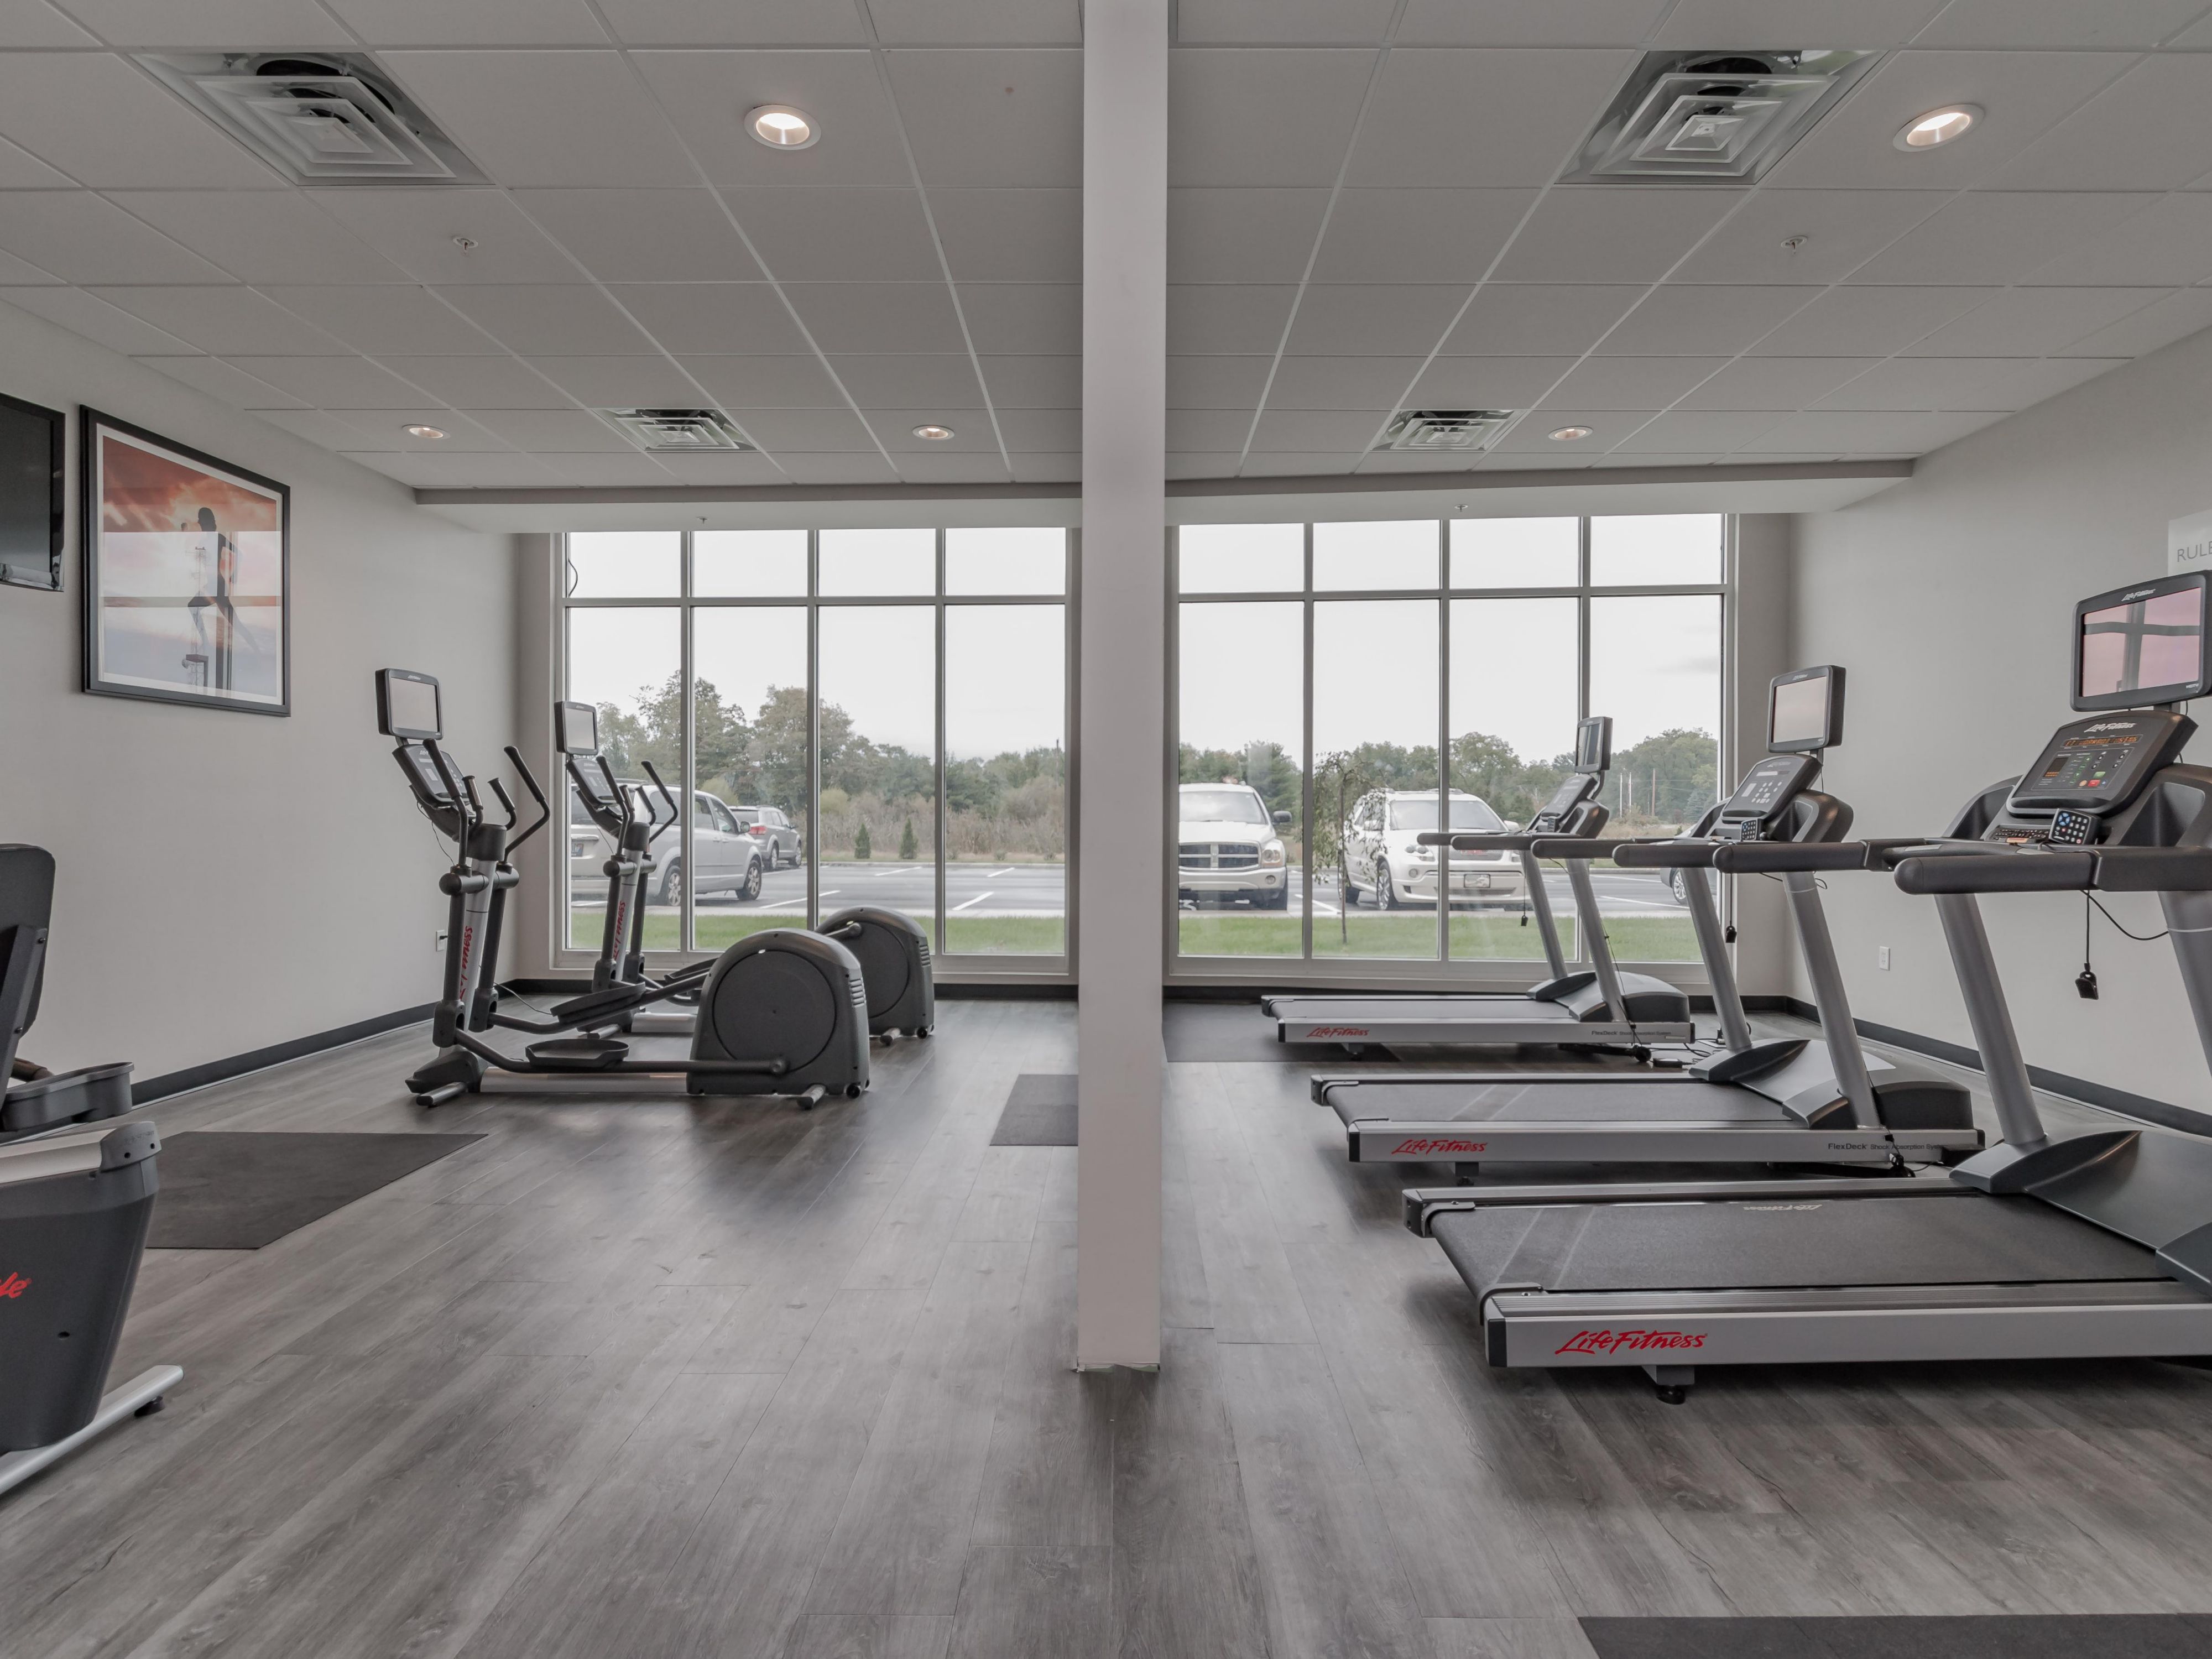 Every guest can enjoy our complimentary 24-hour fitness center while staying with us! Our fitness center features 2 treadmills, 1 exercise bike, 1 elliptical machine, and free weights.
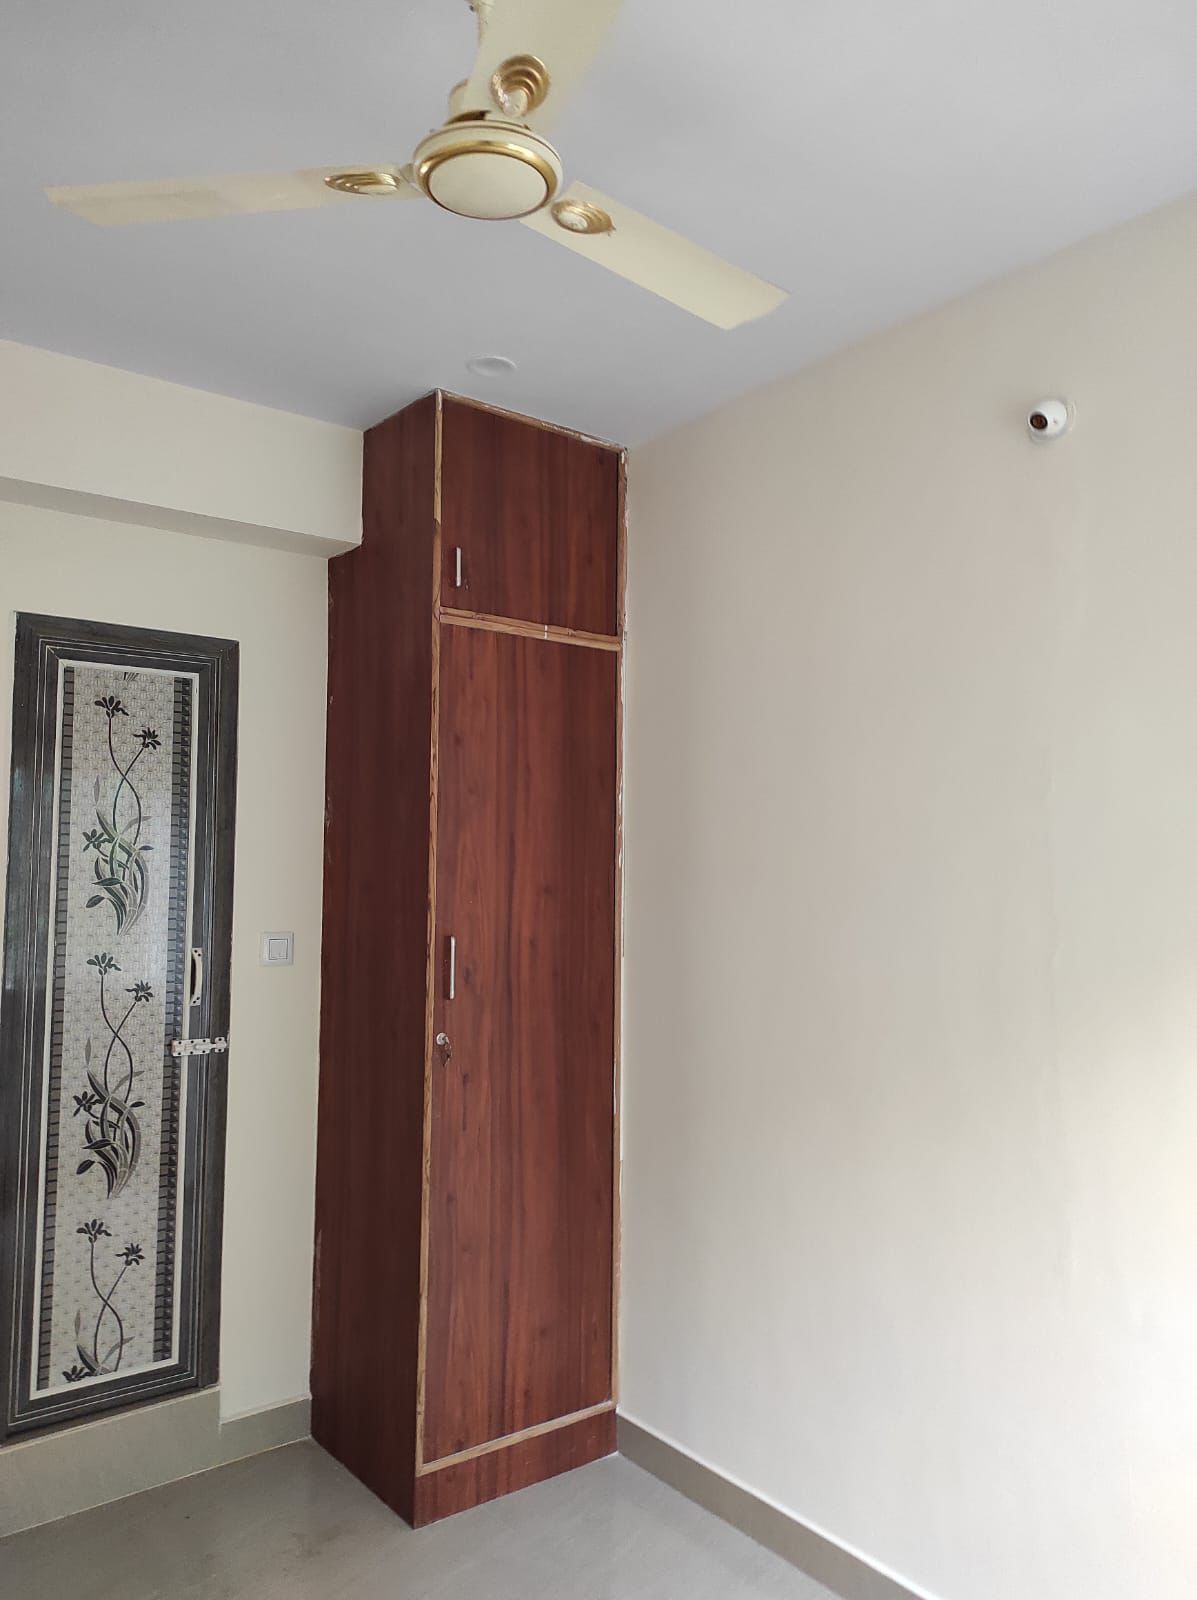 1 BHK Residential Apartment for Lease Only at JAML2 - 1978 in Jakkur
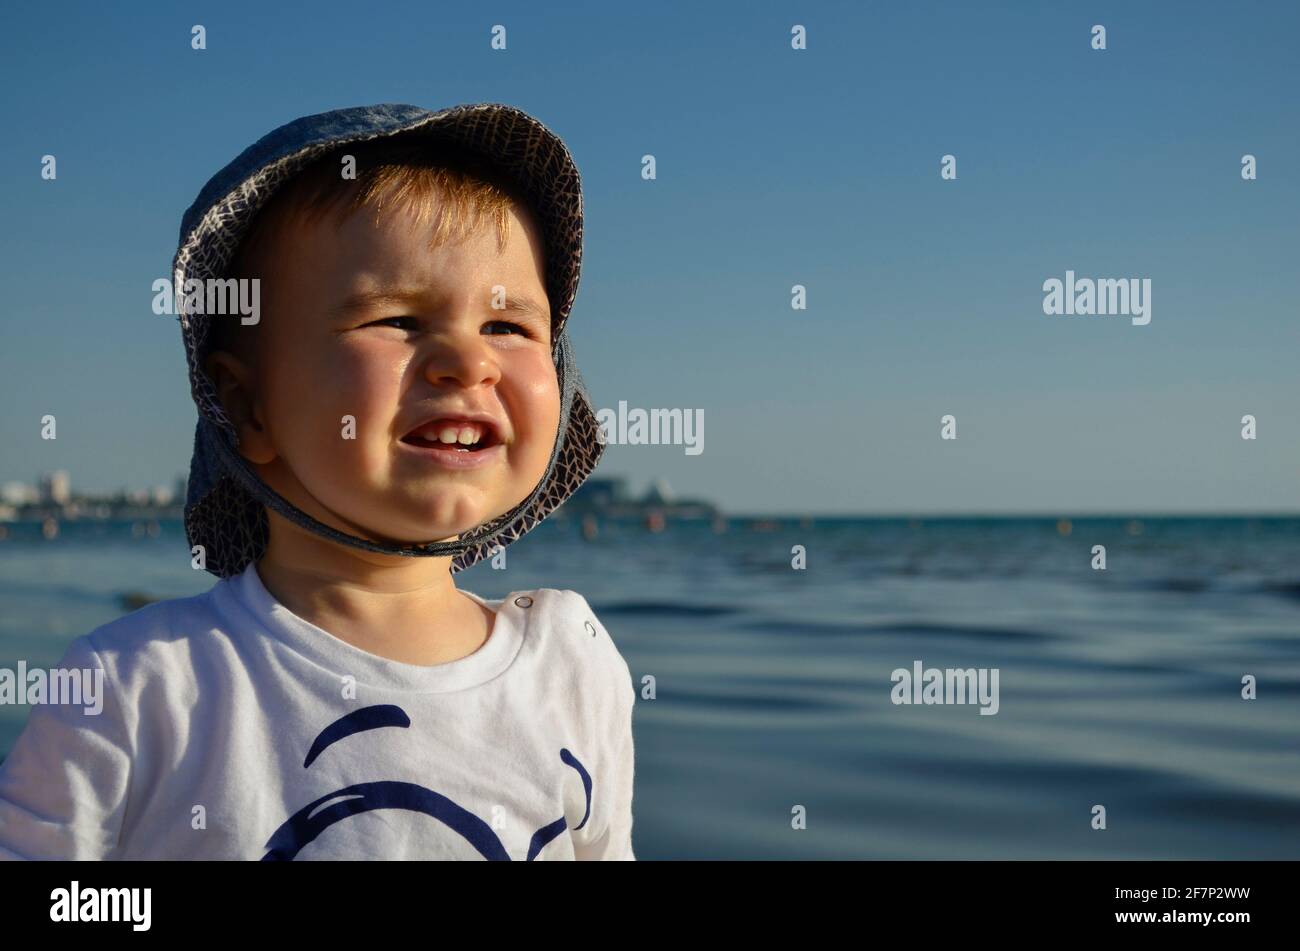 Emotional portrait of a child brightly lit. Looks concentrated, squints from the sun. Wearing a hat against the blue sea and sky, on the shore on a hot summer day. Stock Photo
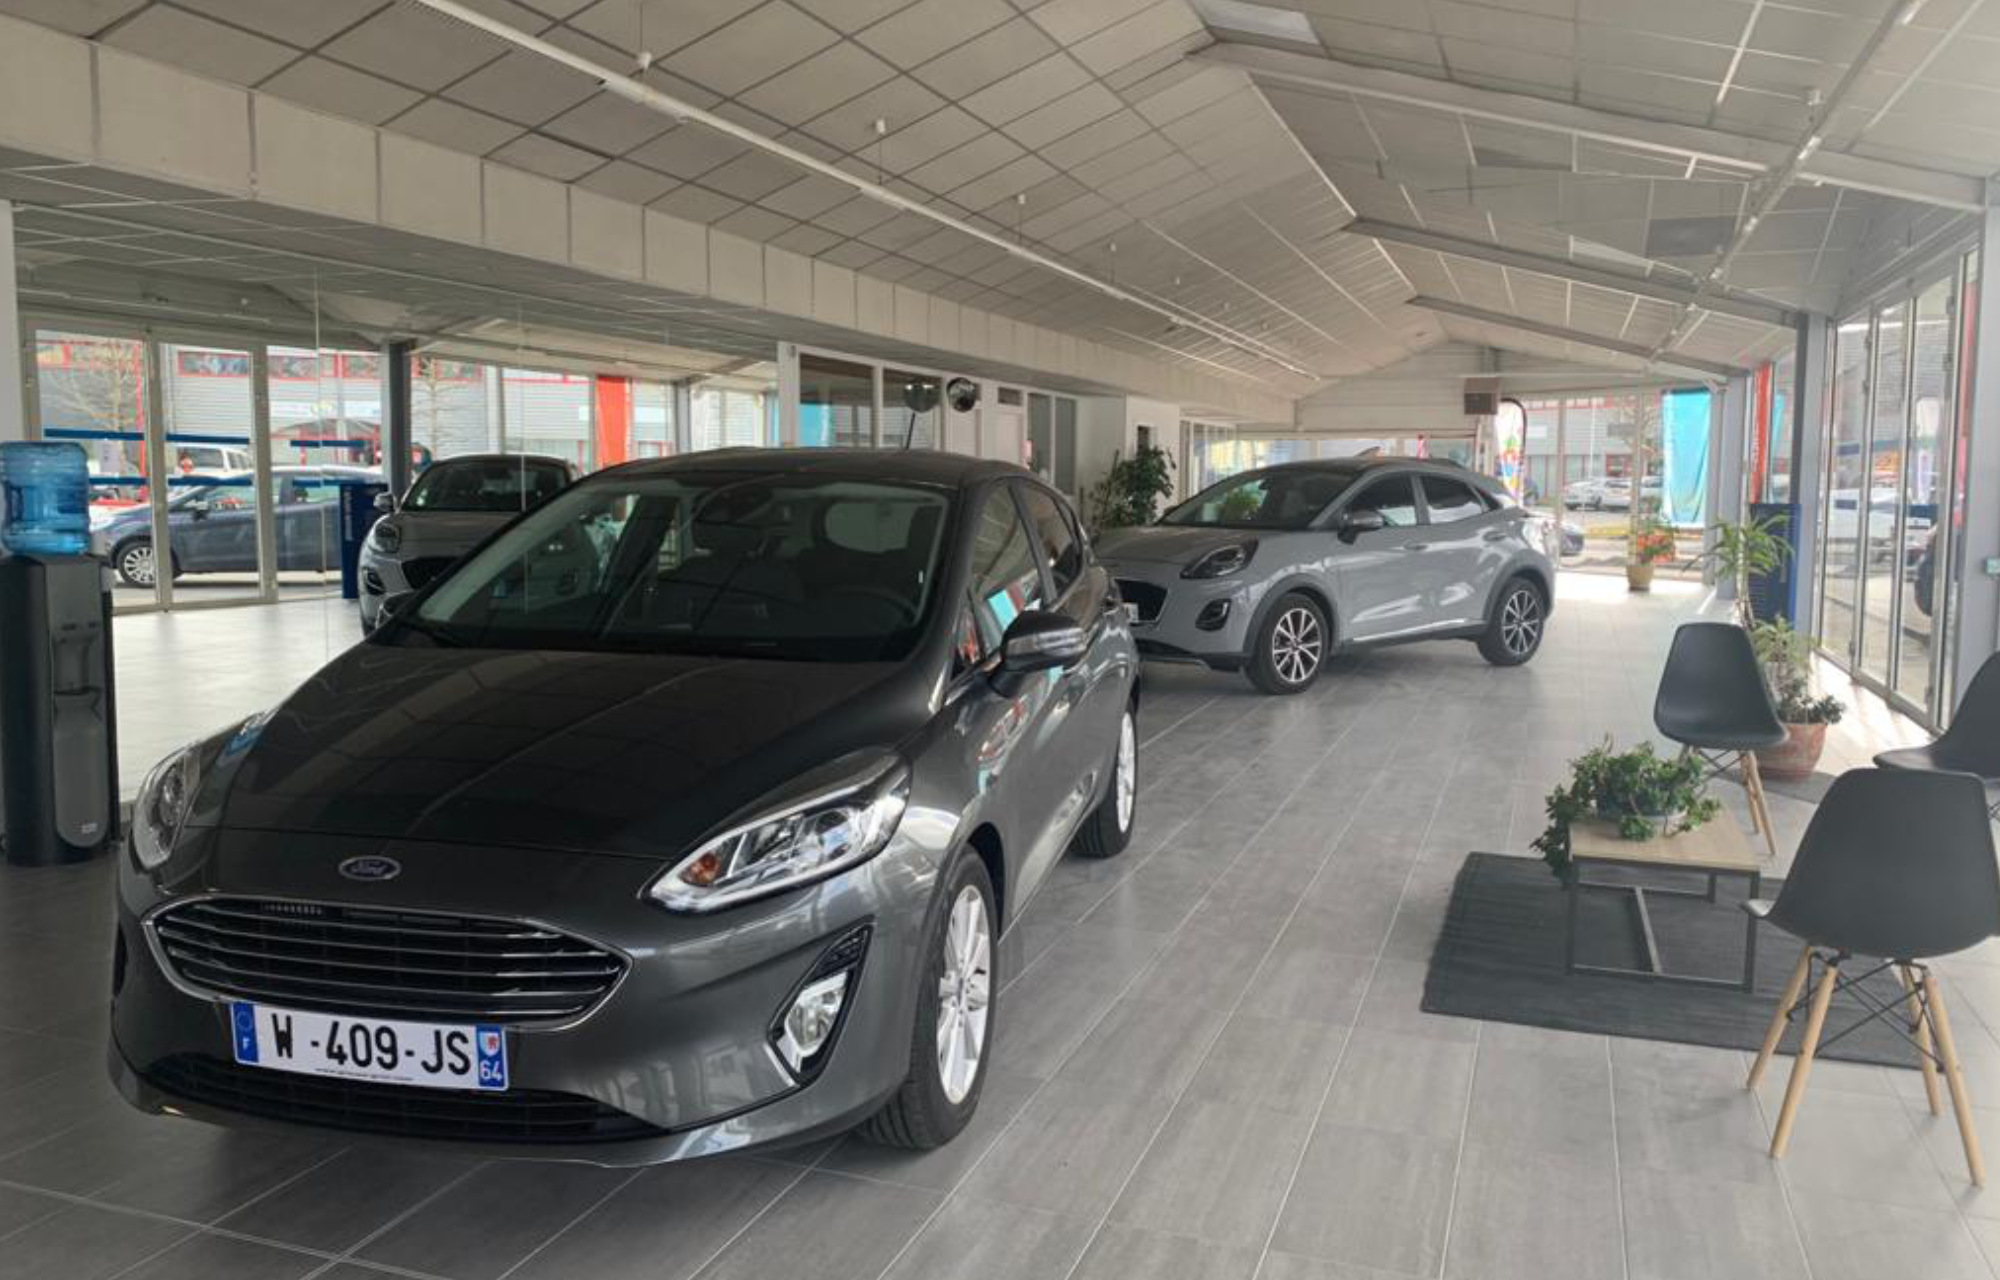 ABL AUTOMOBILES FORD HENDAYE

### [Activity]
In the reply, each line of the data must appear exactly as written, and no picture may appear.

### [Response]
 Every guest can enjoy our complimentary 24-hour fitness center while staying with us! Our fitness center features 2 treadmills, 1 exercise bike, 1 elliptical machine, and free weights.
 1 BHK Residential Apartment for Lease Only at JAML2 - 1978 in Jakkur
 Emotional portrait of a child brightly lit. Looks concentrated, squints from the sun. Wearing a hat against the blue sea and sky, on the shore on a hot summer day. Stock Photo
 ABL AUTOMOBILES FORD HENDAYE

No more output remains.